Film Review Blade Runner 2049

This image released by Warner Bros. Pictures shows Ryan Gosling in a scene from “Blade Runner 2049.”

Associated Press

When a sequel to "Blade Runner" was announced, you would have been hard pressed to find anyone outside of the entertainment industry who thought that was a good idea.

The original had become such a classic science-fiction film that a sequel - especially a sequel at a time when sequels already saturate what Hollywood releases - was an affront to fans. There were simply some movies that fans deemed off limits to both sequels and reboots.

Even when Denis Villeneuve ("Arrival") signed on to direct, there was still reticence.

Those worries proved to be all for naught.

"Blade Runner 2049" is the rare kind of sequel that honors the original source while still offering something more - something new - without having to rely on nostalgia.

You're also unlikely to see another film quite like it this year.

I'm also assuming, by the meager box office weekends for the film, that most people have yet to see "2049." The studio seems focused on changing that - Warner Bros. has increased its social media and TV presence to tell viewers what critics and bloggers have to say about the film.

And what they're saying is wildly positive.

I won't be going against the grain in this review, either.

Villeneuve found success in crafting what could have been a rather involved story in "Arrival," and he has the same kind of pace and atmospheric storytelling in "2049."

This means the pace may be a little slower than what audiences are used to in big budget flicks. It clocks in at almost 3 hours for a runtime, though that's hardly rare among blockbusters nowadays (and you don't feel it as keenly as when you watch ... let's say ... any of the "Transformers" movies).

In writing a spoiler-free review for the film, it's easy to see why studios may have a hard time with marketing it. It's clear that "2049" is a feast for the eyes, with the type of visuals and atmosphere that you simply can't find in movies anymore.

At the same time, you can't reveal the bulk of the plot without getting into spoiler territory.

A Blade Runner (Ryan Gosling) is once again investigating a case, and his era of work comes years after a rebellion in which replicants fought for autonomy. There's quick enough exposition in the beginning of the film to set the stage, but what comes after that reveals too much of the story.

While I can't say I was as astounded or surprised by the story in "2049" as I was in "Arrival," the film keeps a steady guesswork to keep you invested in what happens. It may keep you preoccupied enough that you won't realize Harrison Ford doesn't make an appearance in the film until rather late in the game, despite his name being top billed with Gosling's.

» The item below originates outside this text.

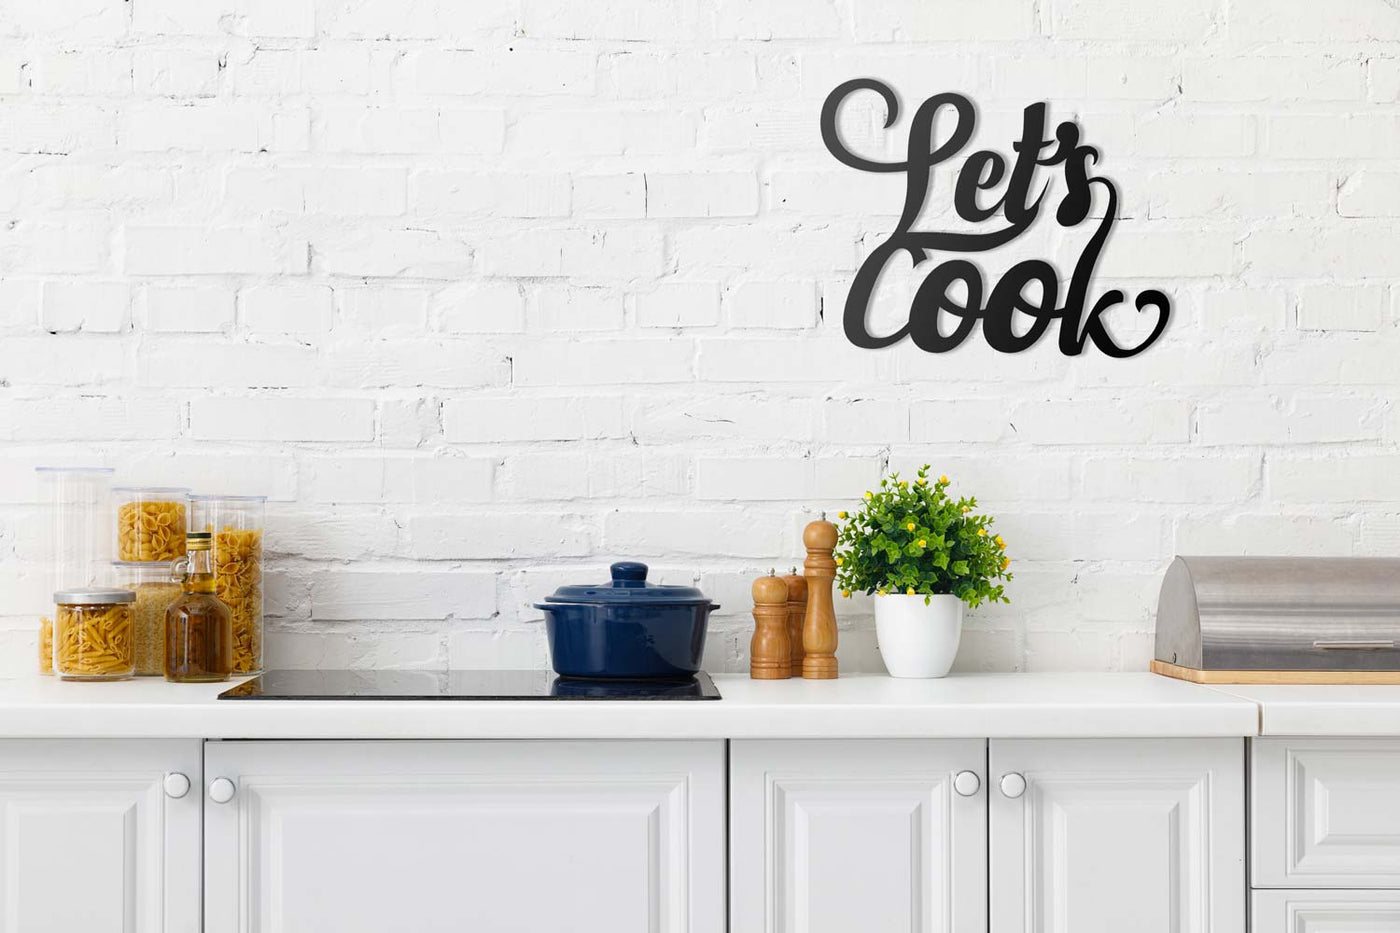 Cursive Let's Cook decorative sign for kitchen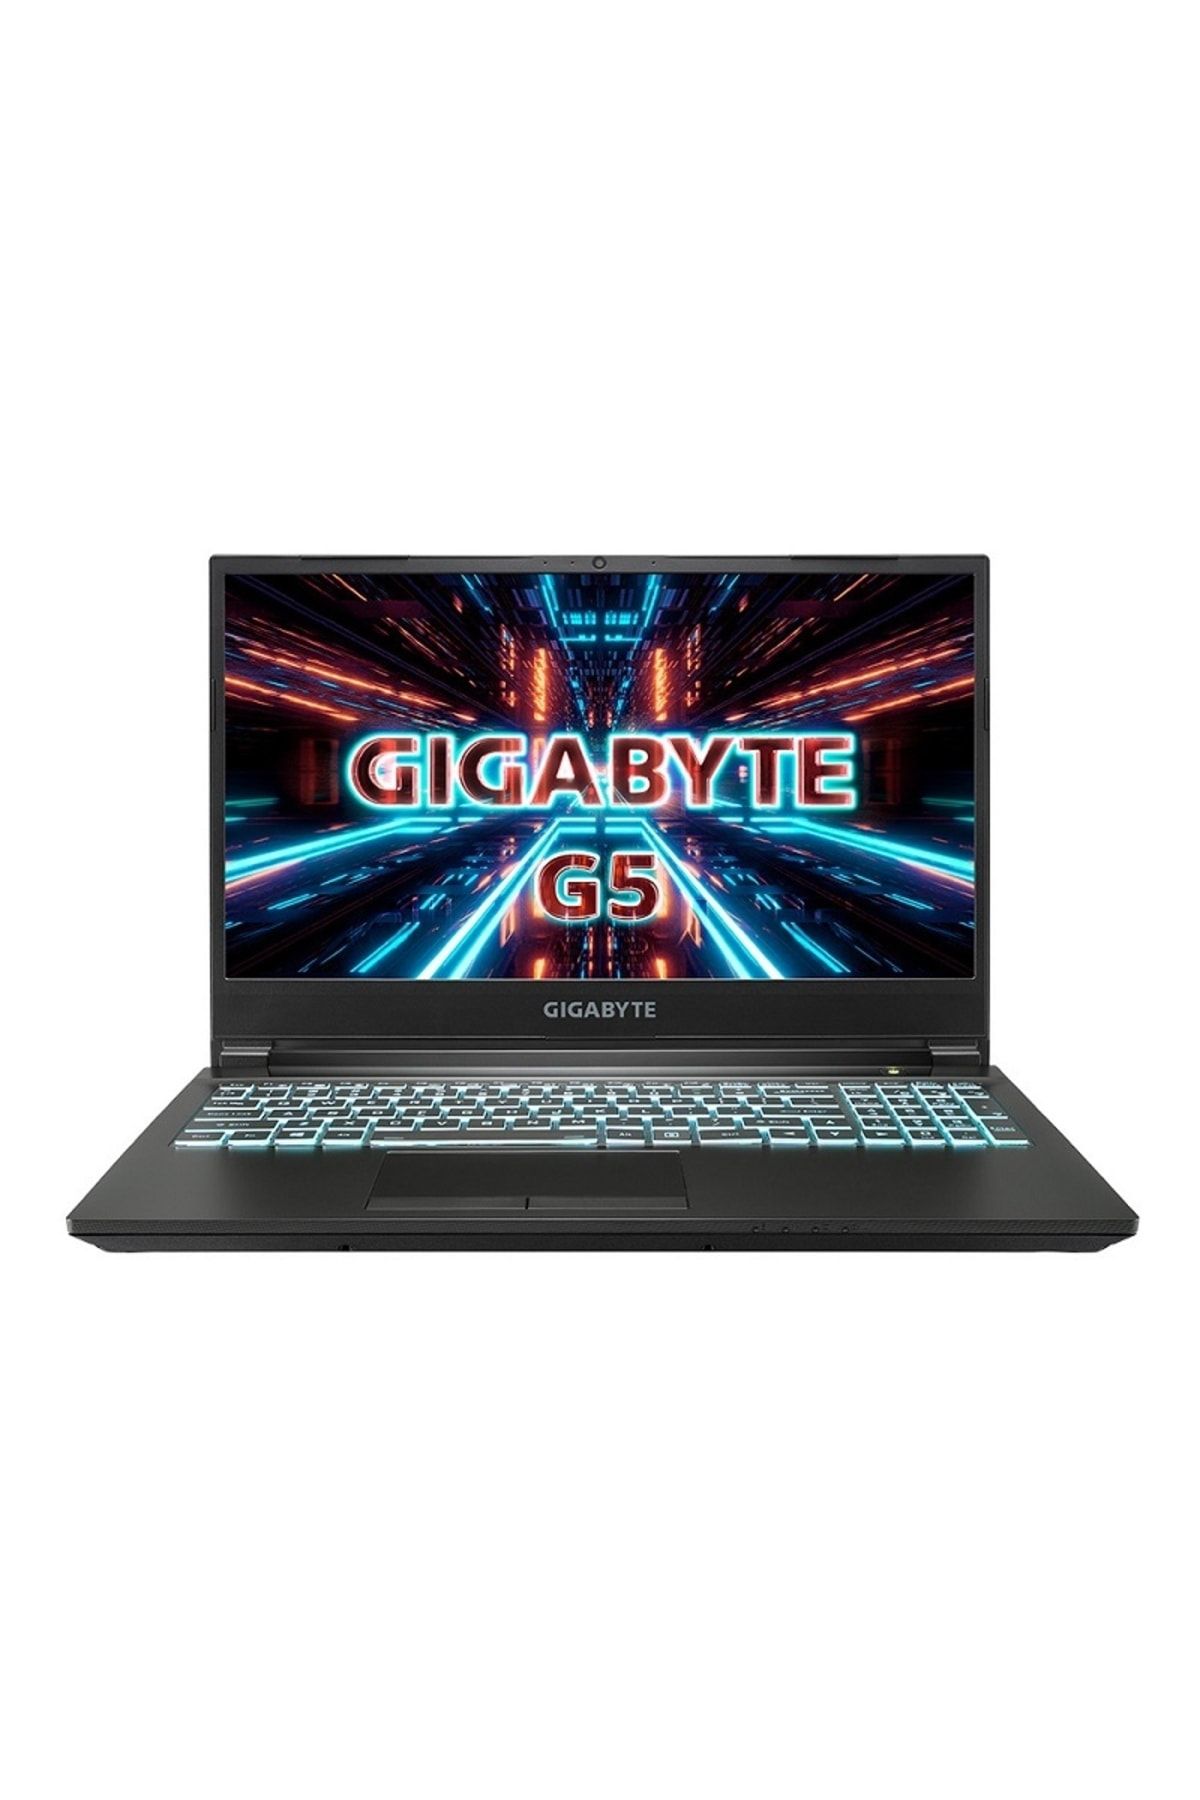 Gigabyte G5 Ge-51ee213sd I5-12500h 16gb 512gb Ssd Rtx3050 4gb 15.6 Fhd 144hz Freedos Gaming Notebook

The film is not without its flaws - the "villains" aren't quite fleshed out, and their purpose for their Terminator-like pursuit seems too simple for a movie that tries to make you question everyone's reality. But for a movie that had to tackle the question of how to proceed after "Blade Runner," "2049" answers in a way that feels like a natural progression without ever losing the goal of being its own film.